You posted earlier this season about riding with a broken wrist, right? I'm just saying that your desire to ride is high. You really want to be out there shredding. I respect that. I've been riding with numerous injuries over the years. As a youngster, no one could tell me I wasn't going to ride. I've gotten more conservative with my health as I age. Take care of yourself out there.


----------



## Hannah-2004 (Jan 1, 2020)

Scalpelman said:


> Spleen is on the left. Probably ok since three days have passed.... you would be dead if it was still bleeding. As above, ribs and cartilage injuries hurt like fuck. If still hurts that bad, how likely are you to win a race? Take it easy.





timmytard said:


> I'm a nurse, er I mean doctor
> You should send me some pics of your chest
> Then I'll be able to tell you exactly what you need
> Don't worry it is strictly professional, cause I'm a doctor remember.
> ...


WTF?!!

ur not really a doc right?


----------



## timmytard (Mar 19, 2009)

Hannah-2004 said:


> WTF?!!
> 
> ur not really a doc right?


Oh yeah, 100% a real doctor.
Strictly professional

TT


----------



## Hannah-2004 (Jan 1, 2020)

timmytard said:


> I'm a nurse, er I mean doctor
> You should send me some pics of your chest
> Then I'll be able to tell you exactly what you need
> Don't worry it is strictly professional, cause I'm a doctor remember.
> ...


this is a joke right?

ur not actually a doctor right? if u were a doc that would be really cool to have a docs advice


----------



## Hannah-2004 (Jan 1, 2020)

timmytard said:


> Oh yeah, 100% a real doctor.
> Strictly professional
> 
> TT


ok, what type of a dog are u? also what would u be able to see from a pic?


----------



## timmytard (Mar 19, 2009)

Well I wouldn't want to diagnose the wrong thing, you could be out for a much longer time & injure yourself further.
I can't give you any advice without seeing what's going on?

Dr. TT


----------



## wrathfuldeity (Oct 5, 2007)

Dude, u a 10# of shit in a 5# bag. How long do you want to ride?


----------



## Hannah-2004 (Jan 1, 2020)

timmytard said:


> Well I wouldn't want to diagnose the wrong thing, you could be out for a much longer time & injure yourself further.
> I can't give you any advice without seeing what's going on?
> 
> Dr. TT


alright


----------



## Hannah-2004 (Jan 1, 2020)

huh?


wrathfuldeity said:


> Dude, u a 10# of shit in a 5# bag. How long do you want to ride?


?


----------



## timmytard (Mar 19, 2009)

Hannah-2004 said:


> ok, what type of a dog are u? also what would u be able to see from a pic?
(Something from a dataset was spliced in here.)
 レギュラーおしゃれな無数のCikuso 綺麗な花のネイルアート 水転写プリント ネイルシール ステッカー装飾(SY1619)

Oh my gawd, are you serious.
I can't believe you re second guessing his.
Guess you just don't want to snowboard sooner

It's a shame, you coulda gone to the top.
guess snowboarding just isn't that important to you?

Dr TT


----------



## Hannah-2004 (Jan 1, 2020)

timmytard said:


> Well I wouldn't want to diagnose the wrong thing, you could be out for a much longer time & injure yourself further.
> I can't give you any advice without seeing what's going on?
> 
> Dr. TT




when i look at my chest/belly it doesnt look bad bbut it sure feels bad, so how would you be able to see from a chest pic??

im confused 

sorry if im dum


----------



## timmytard (Mar 19, 2009)

Ok there chicky poo.
You got a few rules you need to learn.

#1 Don't send pics of your chest to anyone, because someone says they're a doctor.
(Except me of course, cause I'm a professional).
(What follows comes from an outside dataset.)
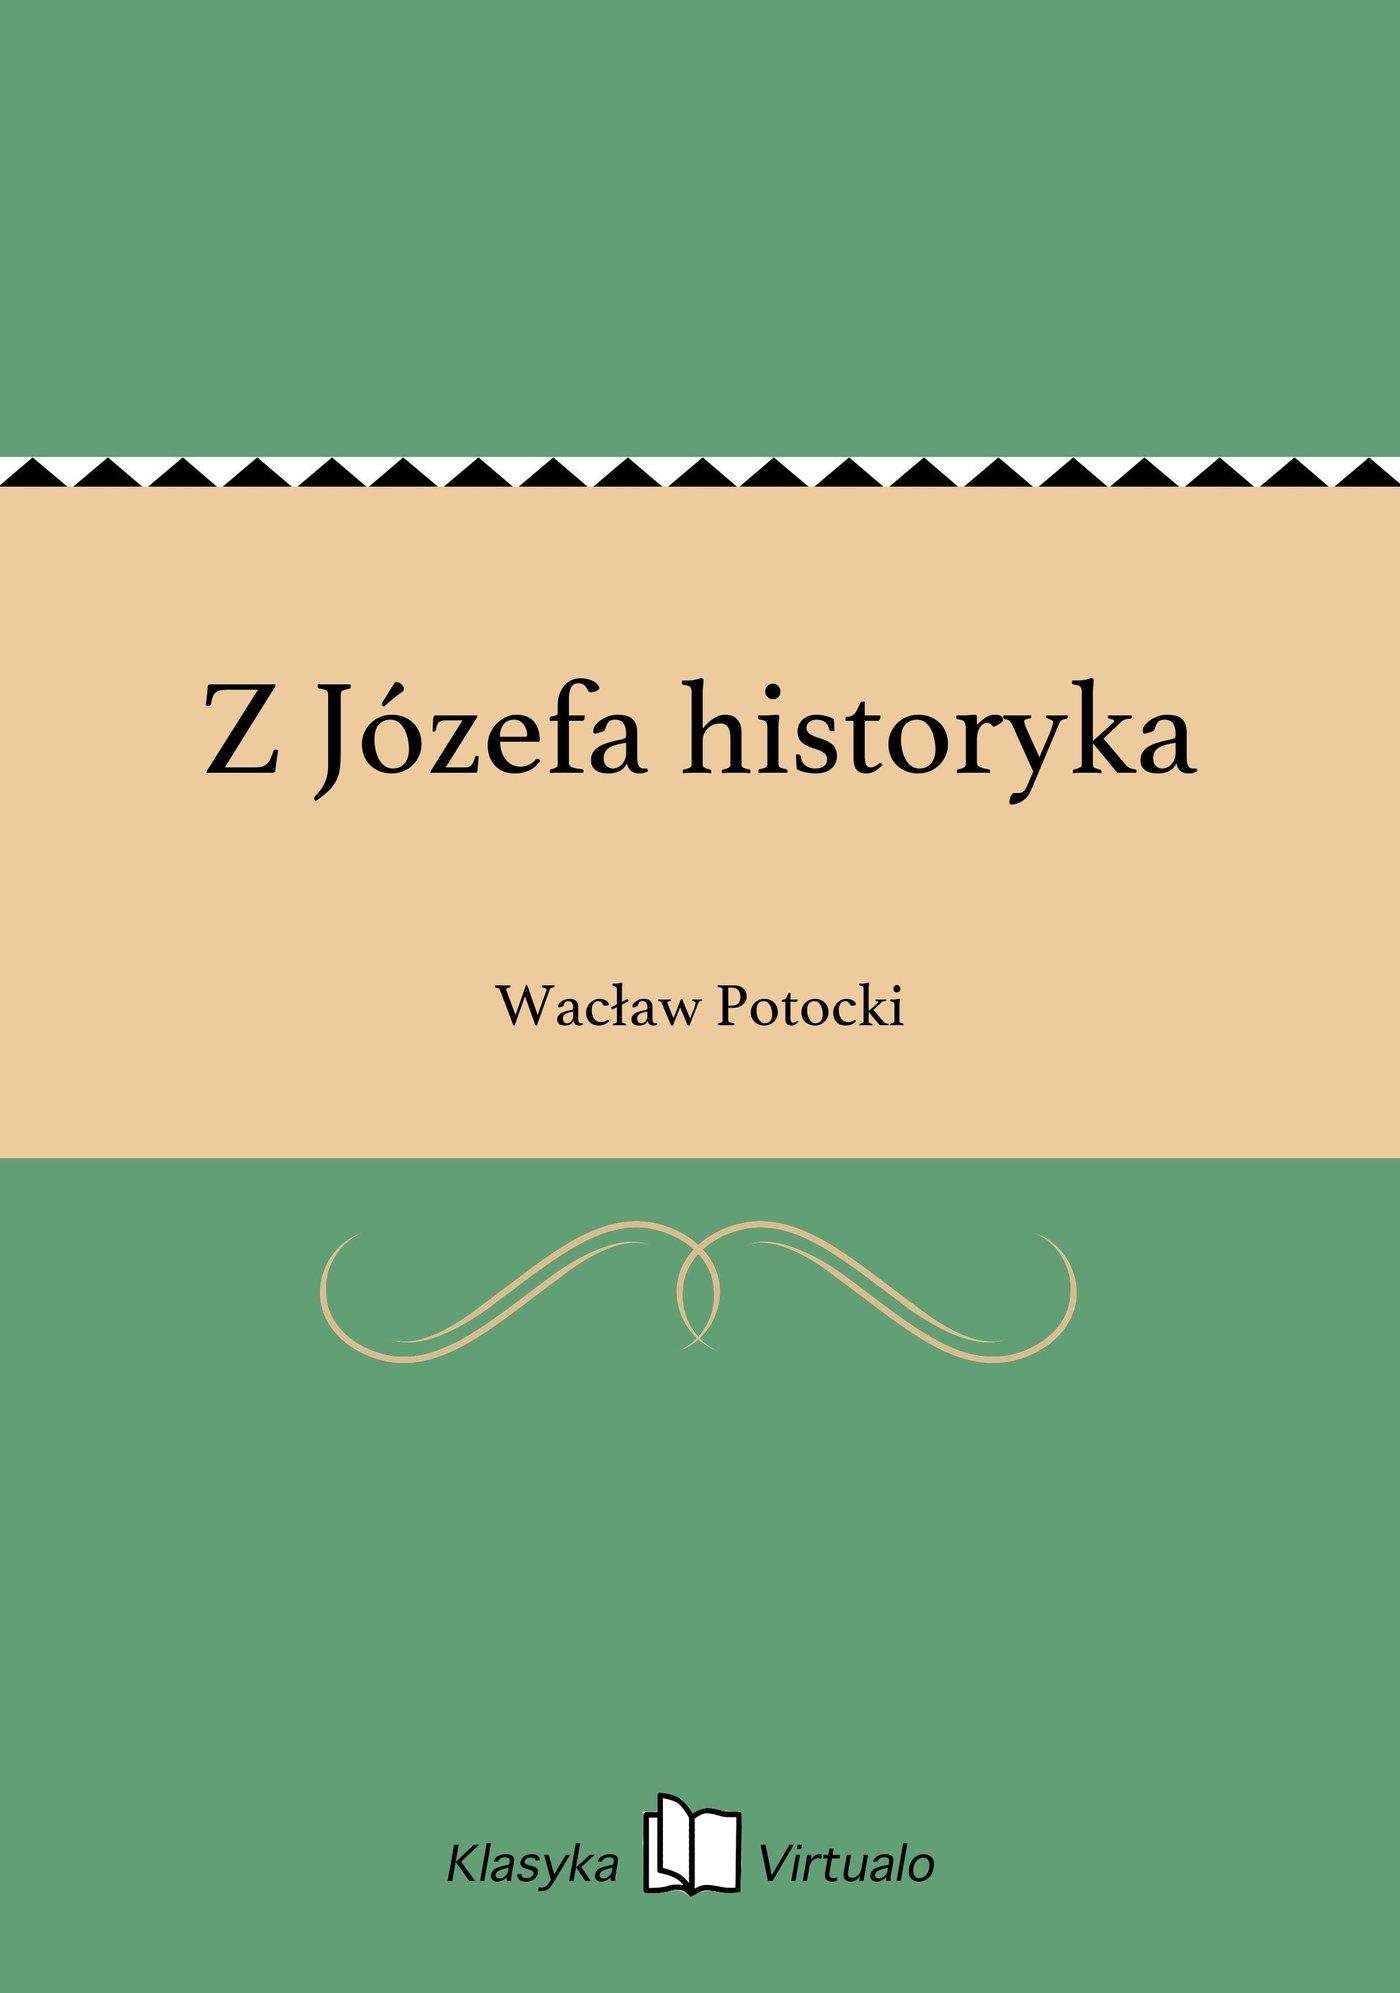 Z Józefa historyka - Ebook (Książka na Kindle) do pobrania w formacie MOBI

#2 don't send pics of your chest to anyone yada yada yada.

Unless you're over 18 & are into that sort of thing.
Then by all means, fire away.

TT


----------



## Hannah-2004 (Jan 1, 2020)

timmytard said:


> Oh my gawd, are you serious.
> I can't believe you re second guessing his.
> Guess you just don't want to snowboard sooner
> 
> ...



also where do you want me to send the pics of my ribs? also what type of doc are u? 

thank you


----------



## Hannah-2004 (Jan 1, 2020)

timmytard said:


> Ok there chicky poo.
> You got a few rules you need to learn.
> 
> #1 Don't send pics of your chest to anyone, because someone says they're a doctor.
> ...


so your not really a doc?


----------



## wrathfuldeity (Oct 5, 2007)

Hannah-2004 said:


> huh?
> 
> ?


u loosing yer shit. Sure you could ride, there is a risk you might not last very long. The conservative thing is to see a doc and back off riding til ur healed...so that you can ride longer.


----------



## timmytard (Mar 19, 2009)

Hannah-2004 said:


> when i look at my chest/belly it doesnt look bad bbut it sure feels bad, so how would you be able to see from a chest pic??
> 
> im confused
> 
> sorry if im dum


I'm sure you chest & belly look fine.
I've been fuckin' whit chya.
I can't believe I was able to get so far with that
I wouldn't say dumb, but.......
Have you been conned into showing your chest before?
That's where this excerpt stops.